Today I happened upon the website “Climate Denial Crock of the Week” which reports that Peabody Energy, described as ” the world’s largest privately owned coal producer” has declared Chapter 11 bankruptcy in the United States.  In the comments section, someone reports that three of the four largest US coal companies have declared bankruptcy in the last week.  This site is definitely work a look: ClimateCrocks.

Apparently, the straw that broke Peabody’s back was their purchase of coal assets in Australia.  There has been a drop in energy and metals prices since mid-2014, related to slowing in the economies of China and Brazil.  In 2011, Peabody did a $5.1 billion leveraged buyout of Australia’s MacArthur Coal, which had reserves of 2.26 billion tonnes of coal in four open pit mines producing over 6 million tonnes of metallurgical coal (used for making steel) a year (these figures from Wikipedia.)

The Washington Post attributed Peabody’s bankruptcy, and the bankruptcy of 45% of the US coal-producing industry, to competition from cheap natural gas in the US market.  Natural gas has suddenly become very cheap because of fracking technology.  The coal bankruptcies have occurred before US regulations, including the “Clean Power Plan”, could go into effect, so the popular turning away from fossil fuels has not been the cause of the coal industry’s troubles.

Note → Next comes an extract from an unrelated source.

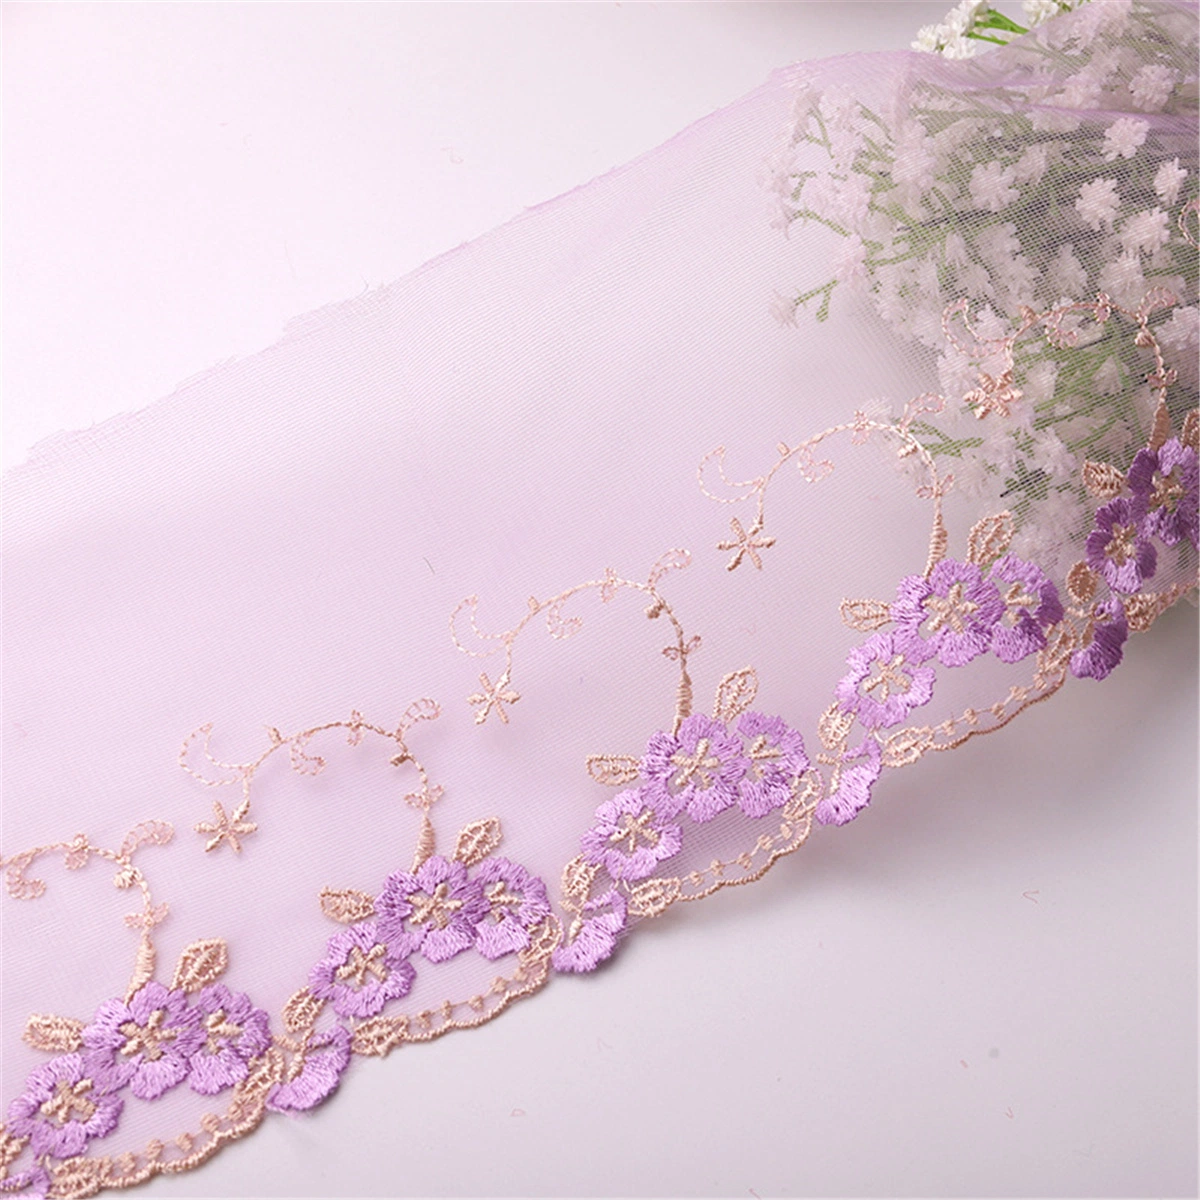 تصميم حفلات الزفاف على أعلى مستوى مبرودري النسيج النسيج النسيج والملابس الداخلية ملحقات قياس الألوان Lace

While most environmentalists would agree that bankrupting the coal industry is a good thing, it does not appear to be directly due to popular revulsion; rather, competition from the vast quantities of cheap natural gas that have suddenly become available is the cause.  It seems to be purely coincidental that prices of solar-derived electricity have fallen to levels comparable to the price of coal and natural gas-produced electricity.  Dramatic decreases in the cost of solar photovoltaic systems have stimulated increases in system installation, but there is a long way to go before solar power will supplant fossil fuel power.  Advances in power storage and transmission will also be necessary to make fossil electricity a thing of the past.